▸ WHAT YOU SHOULD DO: Pictures are not part of the answer. Write out exactly the lines from the one containing "Lotus F1 Team E20 2012 Wallpaper - KFZoom" through the end of the material below.

▸ EXERCISE DATA:
::::::

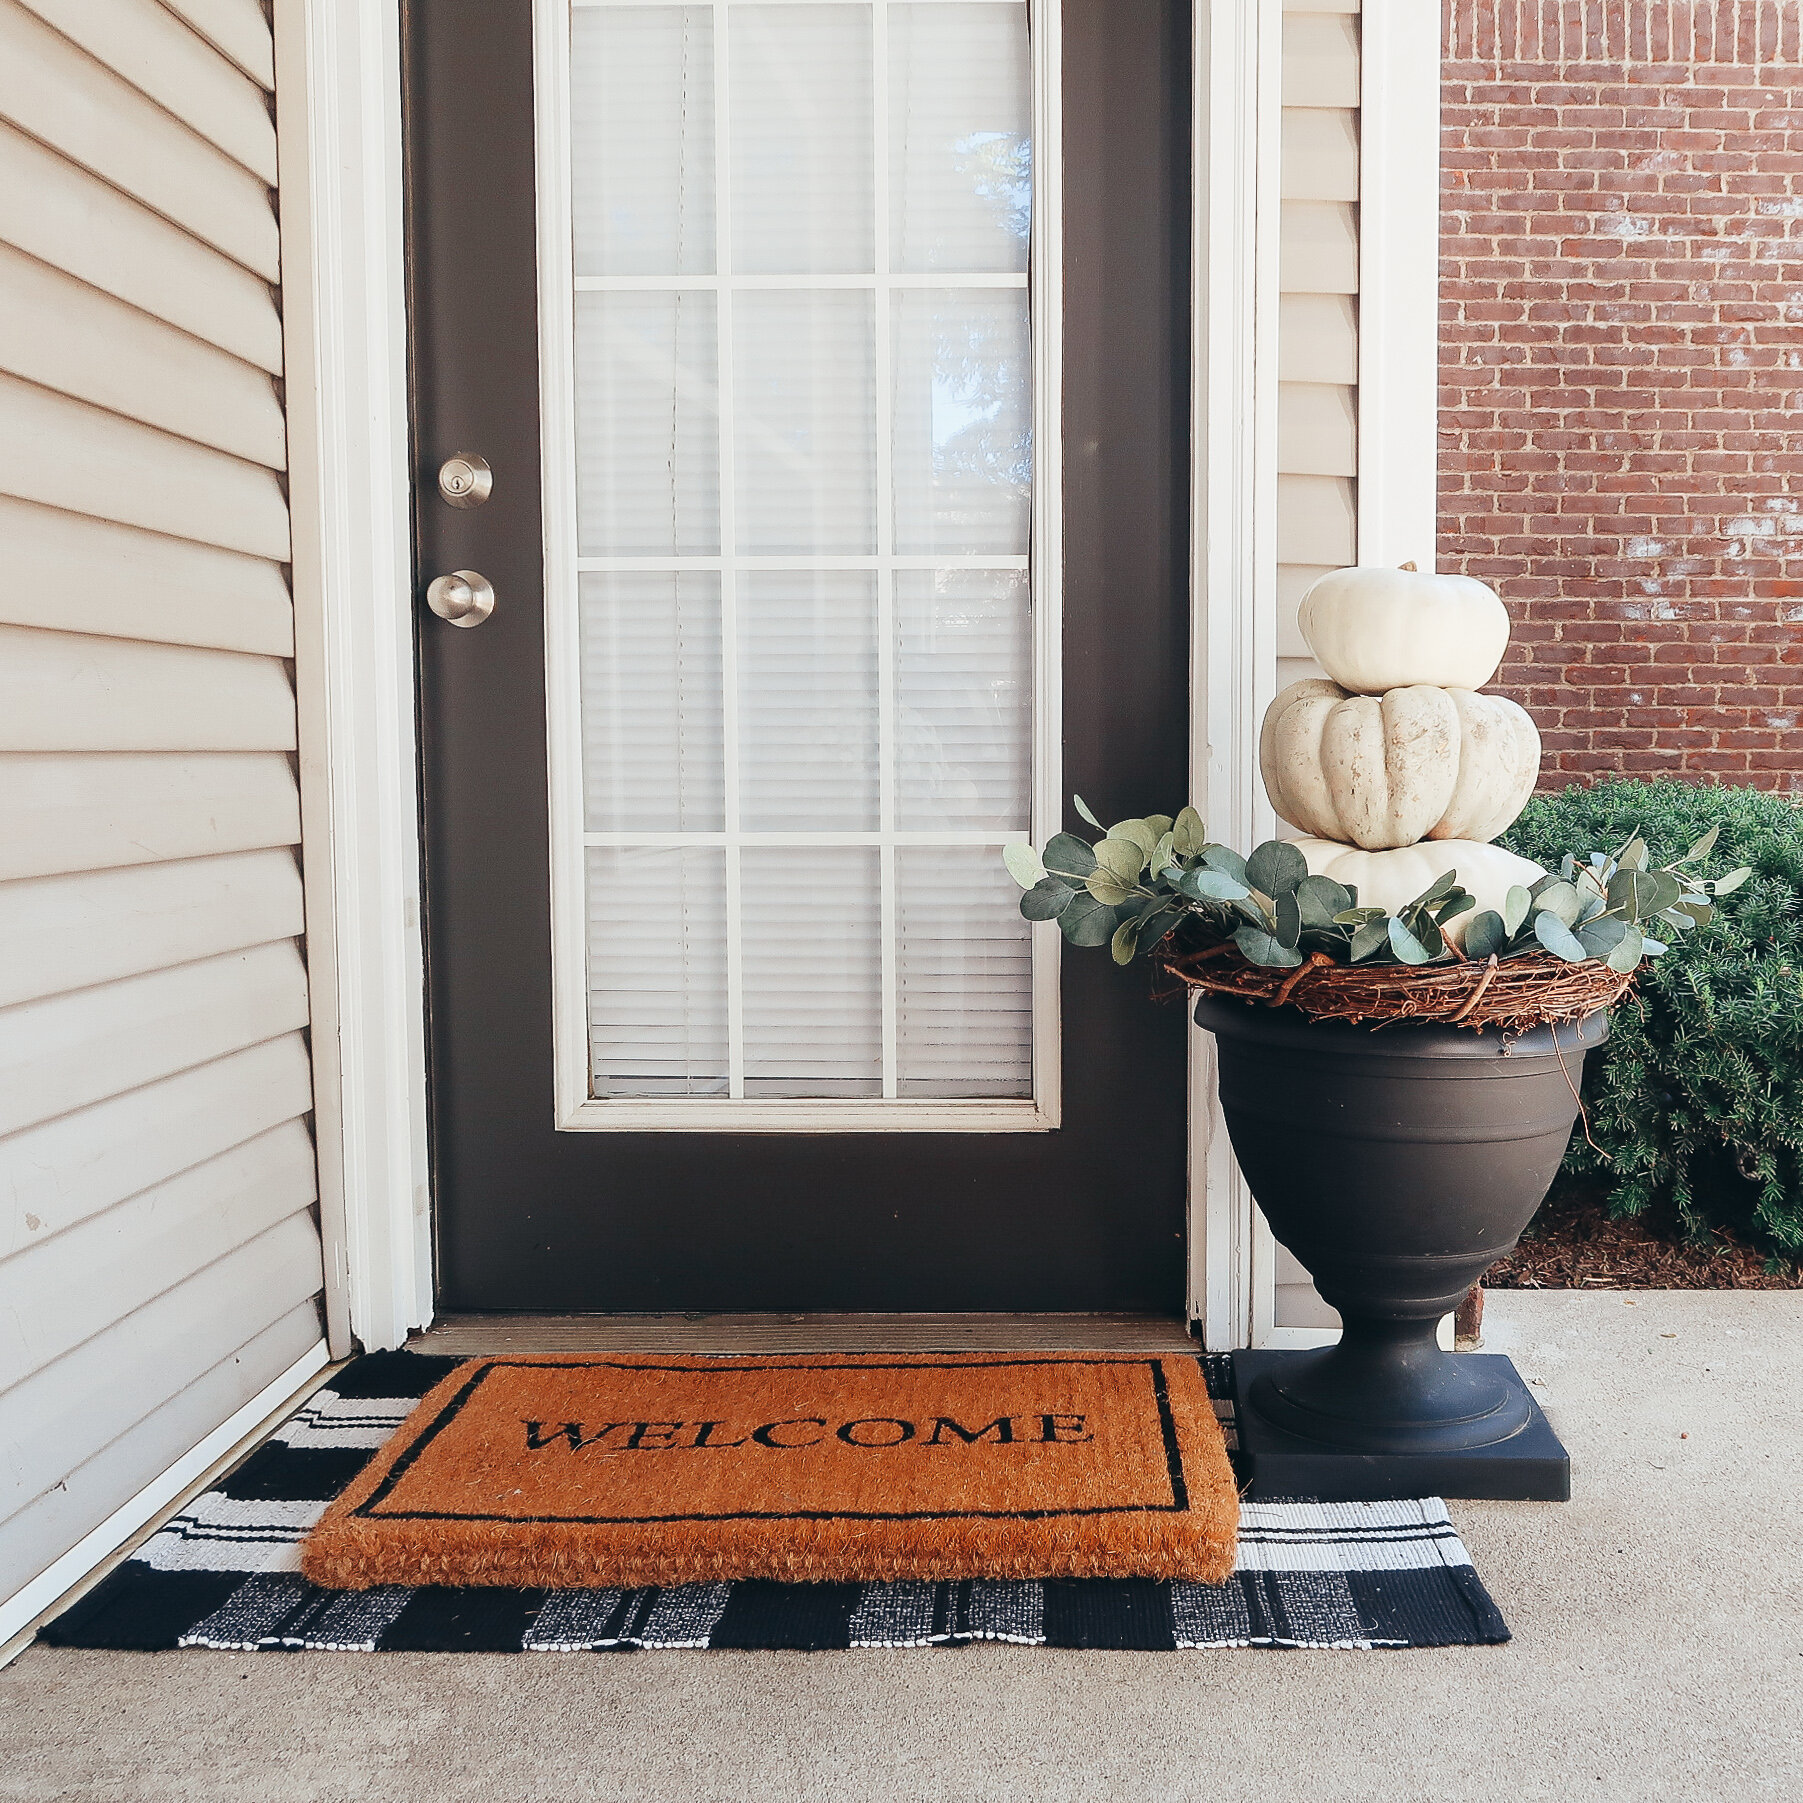 DIY-fall-pumpkin-topiary-1.jpg
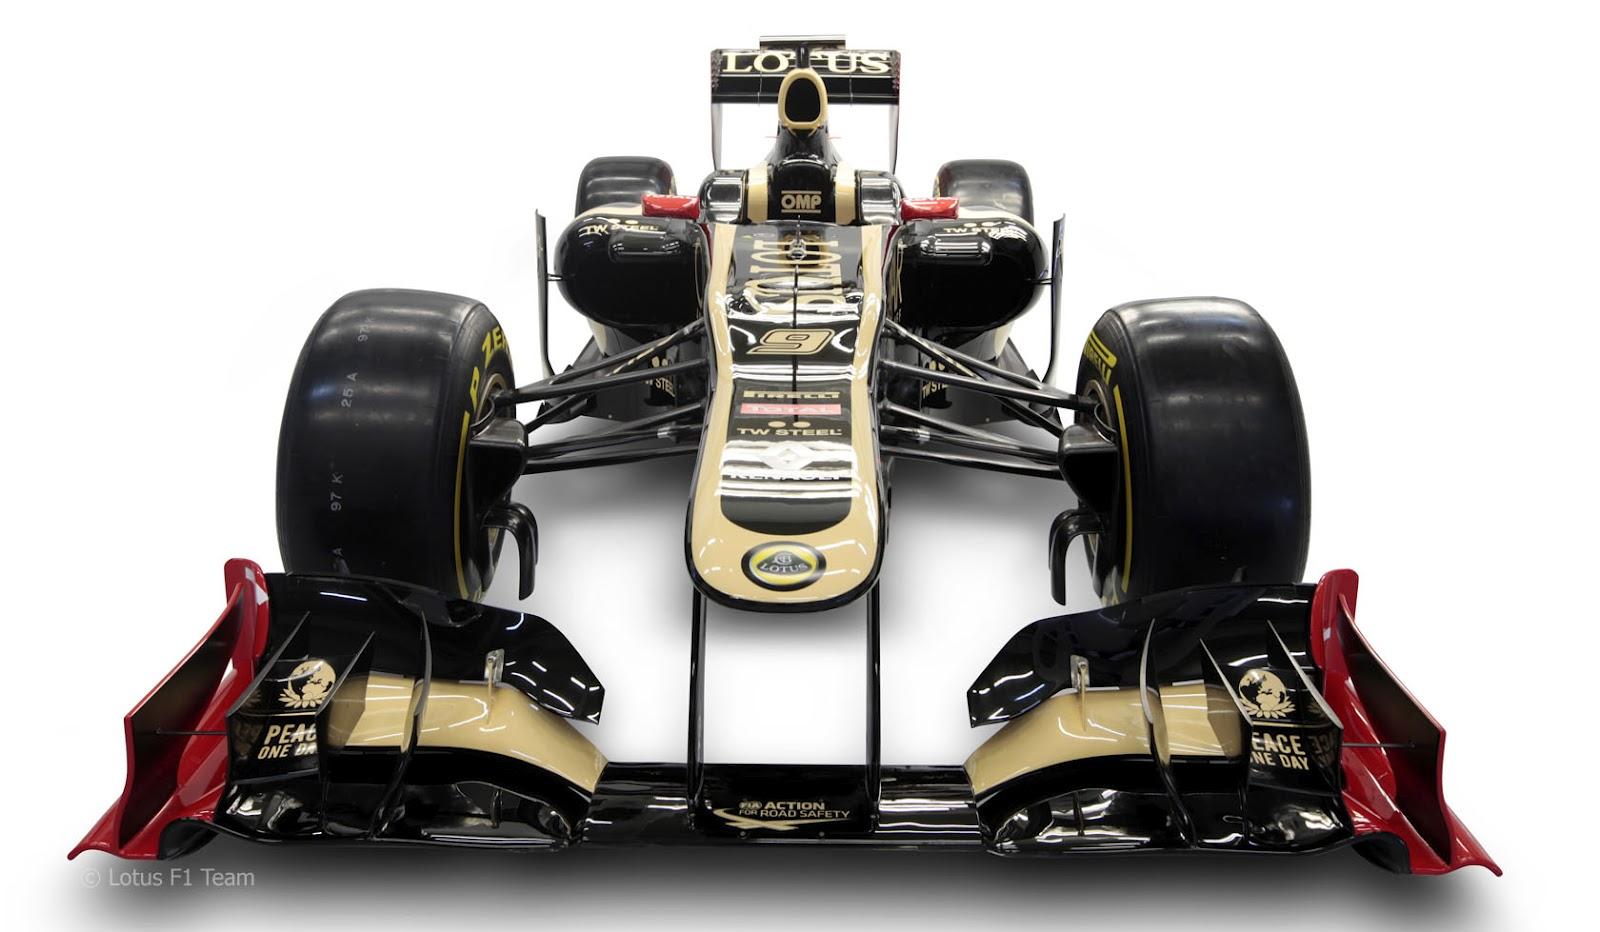 Lotus F1 Team E20 2012 Wallpaper - KFZoom
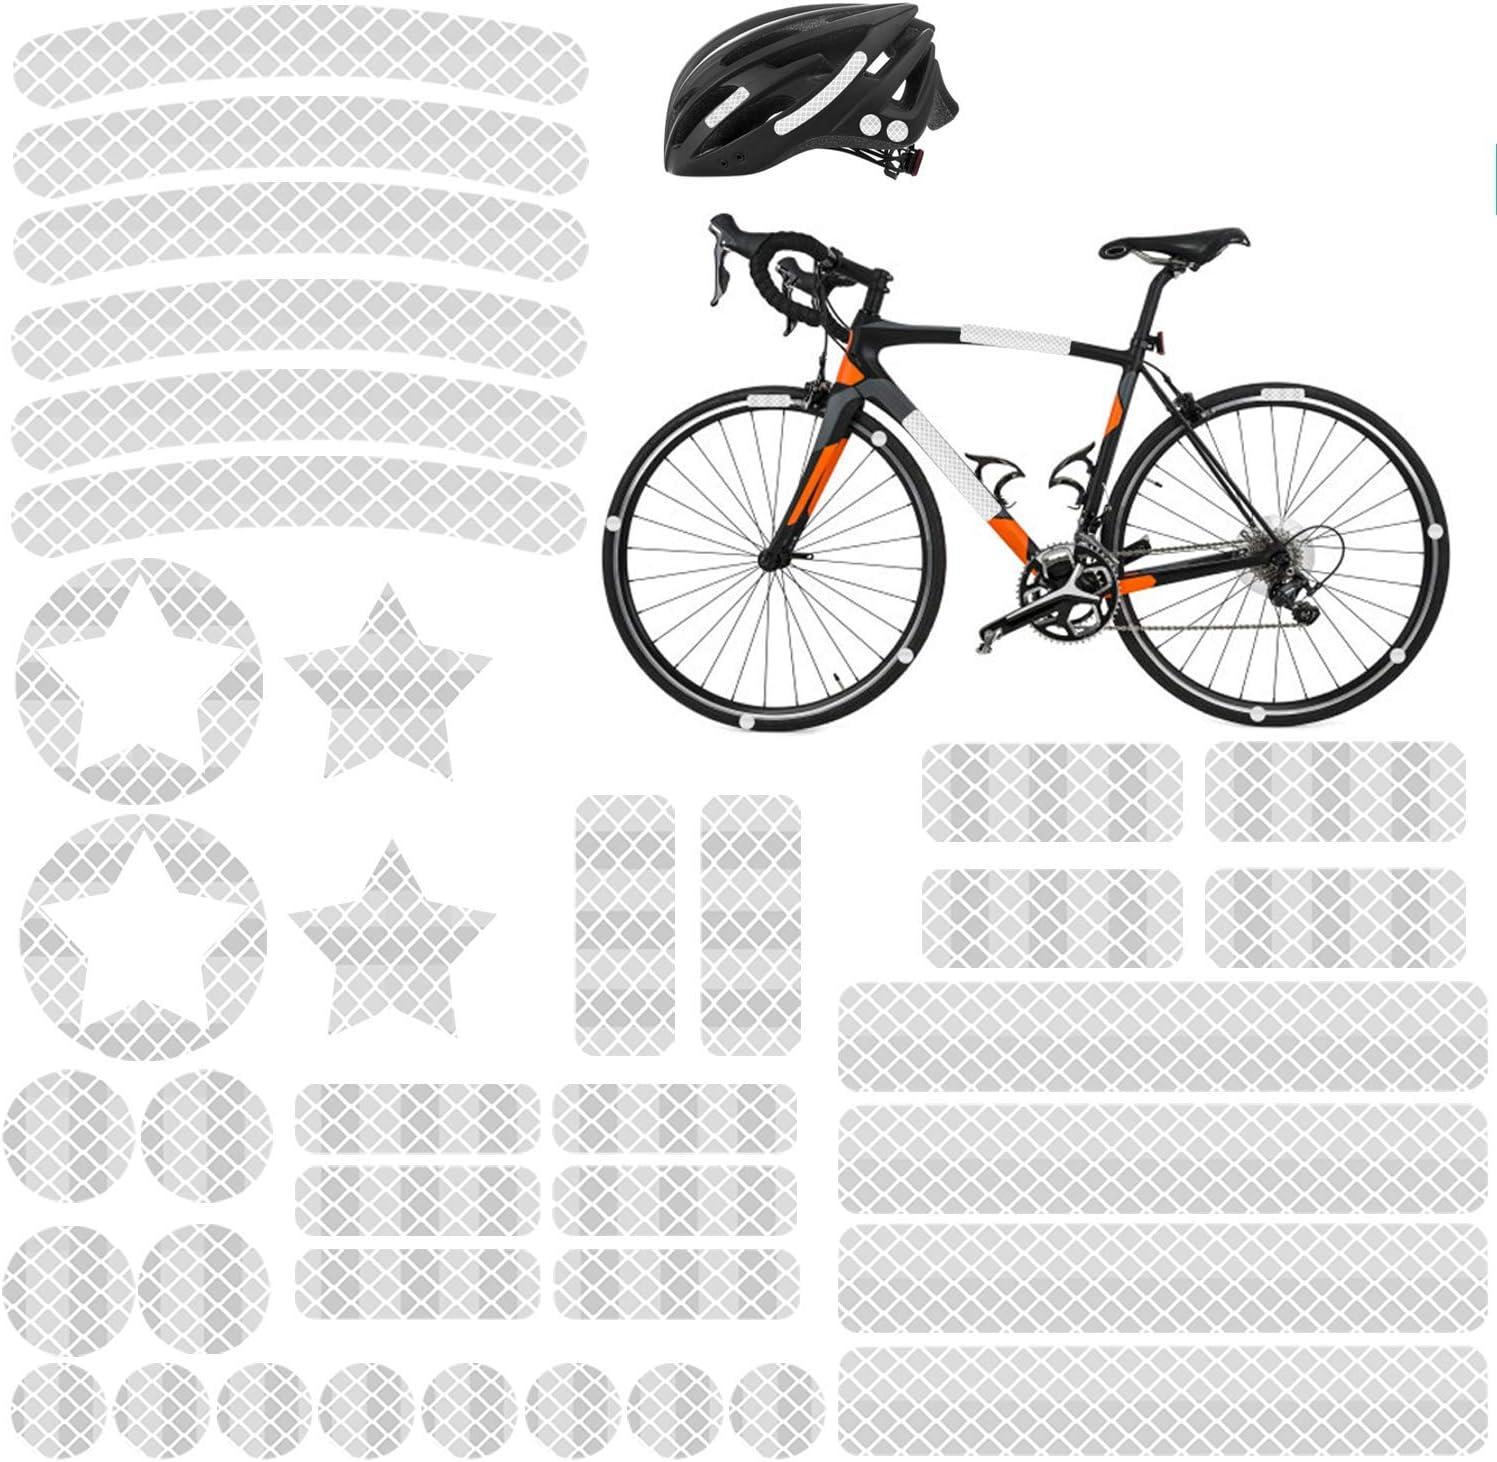 Reflektoren Aufkleber Sticker 38 Stück Hiperformance Reflexfolie Set Zur Sicherungs Markierung Von Kinderwagen Helmen Mit Stickern Selbstklebend Und Hochreflektierend Von Agptek Sport Freizeit

::::::

▸ FINISHED EXERCISE:
 Lotus F1 Team E20 2012 Wallpaper - KFZoom
 Reflektoren Aufkleber Sticker 38 Stück Hiperformance Reflexfolie Set Zur Sicherungs Markierung Von Kinderwagen Helmen Mit Stickern Selbstklebend Und Hochreflektierend Von Agptek Sport Freizeit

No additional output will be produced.